• _To do_: Transcribe the listing verbatim, please, with images dropped.
══ Input data
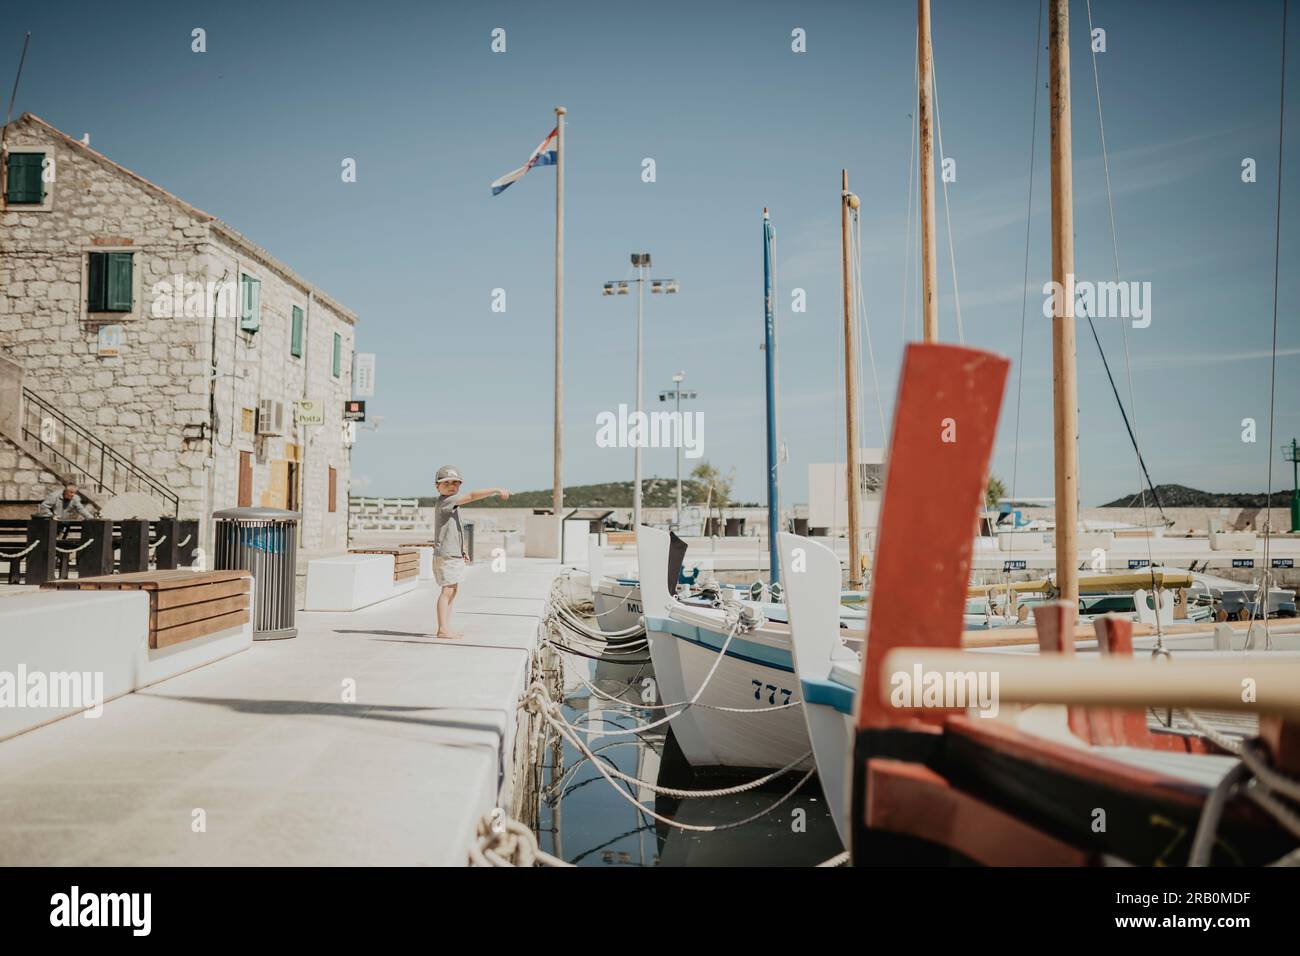 Ragazzo in piedi sul lungomare in un porto, isola di Krk, Croazia Foto Stock
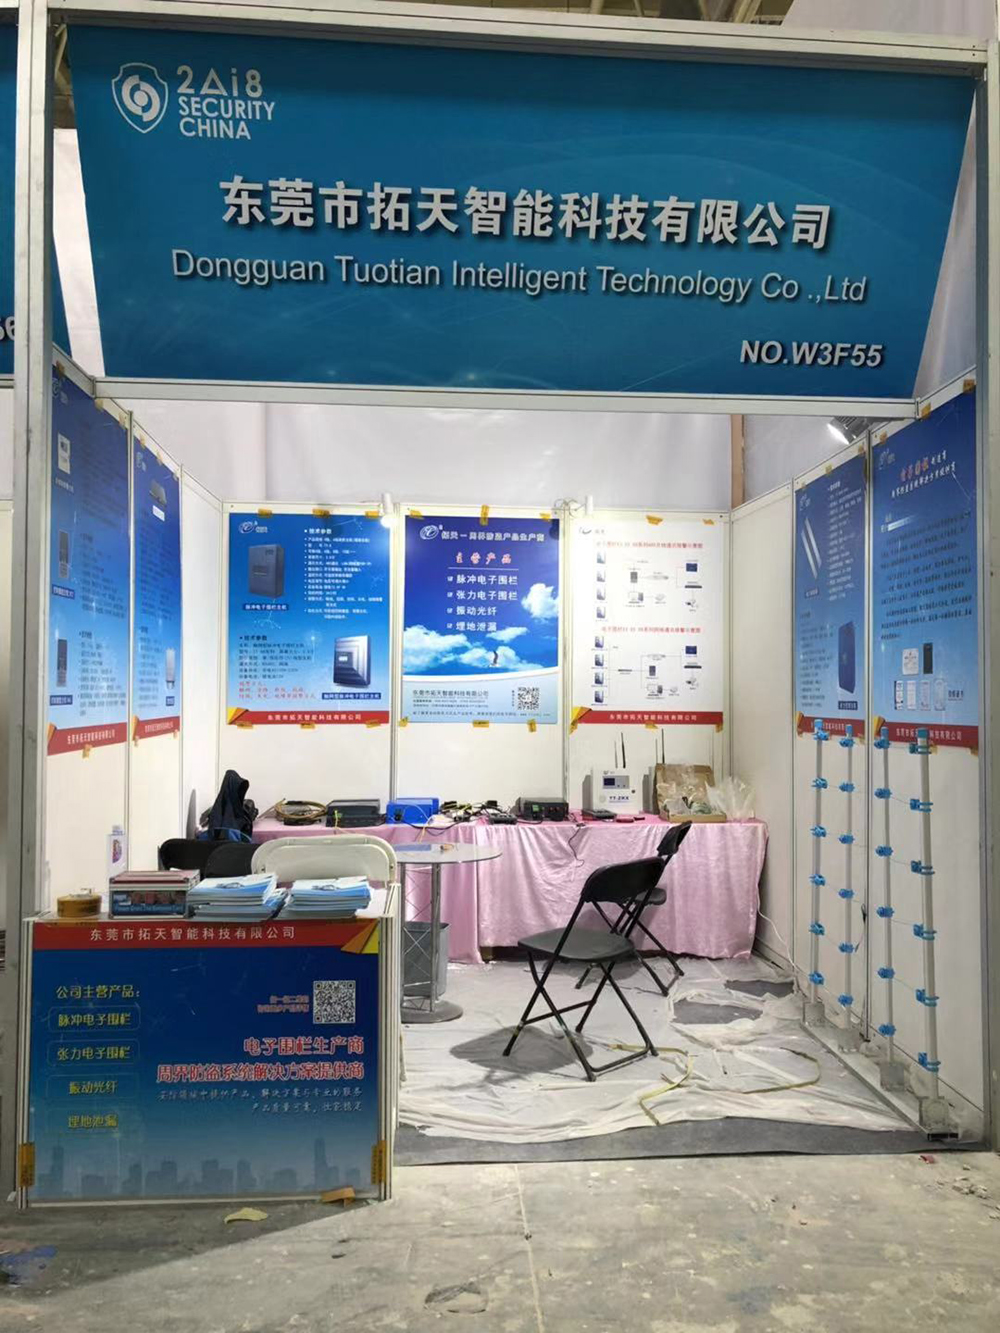 2018年北京社会公共安全博览会
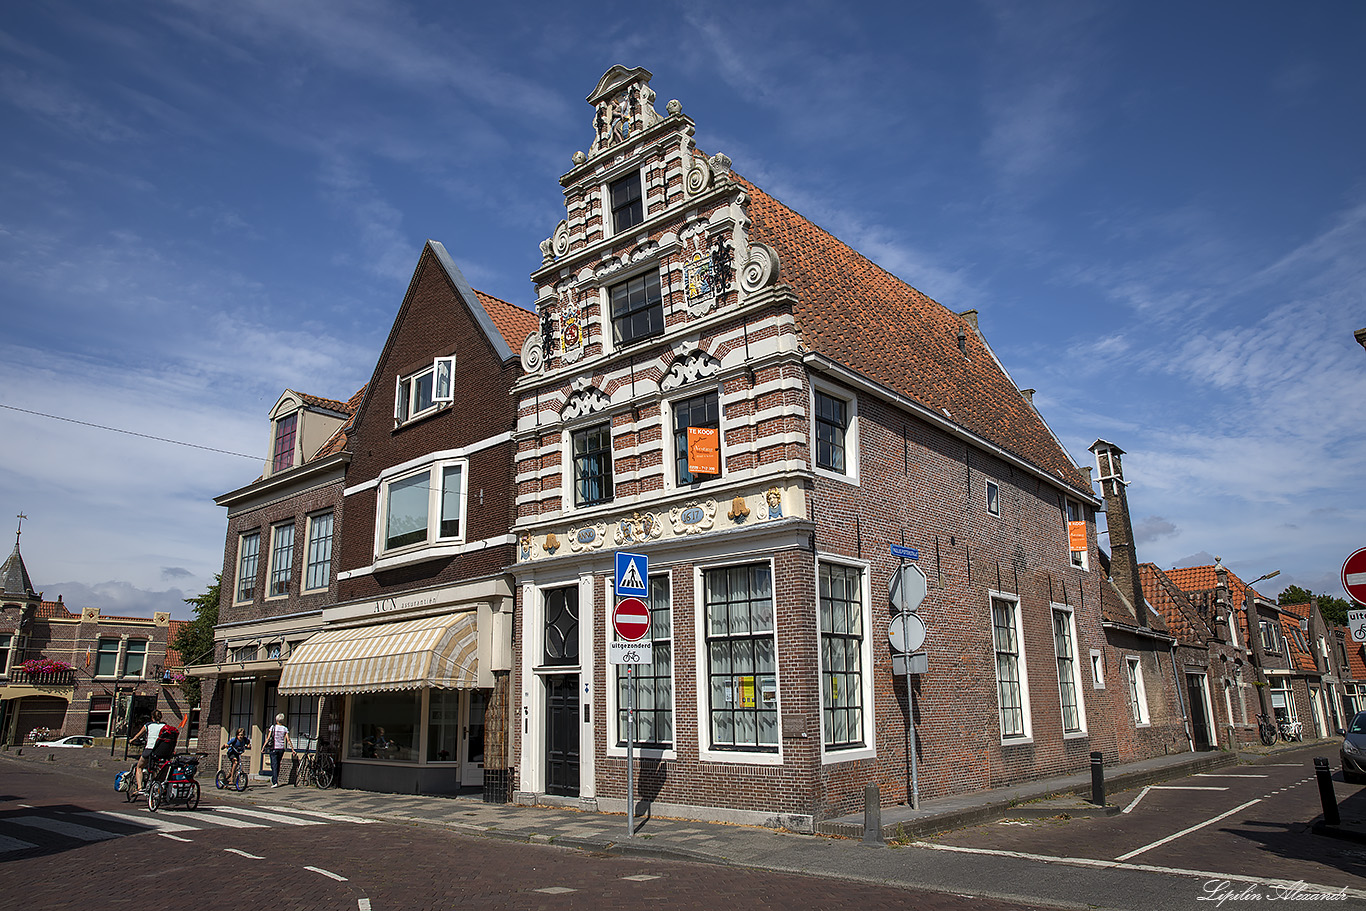 Энкхёйзен (Enkhuizen) - Нидерланды (Nederland)
════
• _Exercise result_:
 Ragazzo in piedi sul lungomare in un porto, isola di Krk, Croazia Foto Stock
 2018年北京社会公共安全博览会
 Энкхёйзен (Enkhuizen) - Нидерланды (Nederland)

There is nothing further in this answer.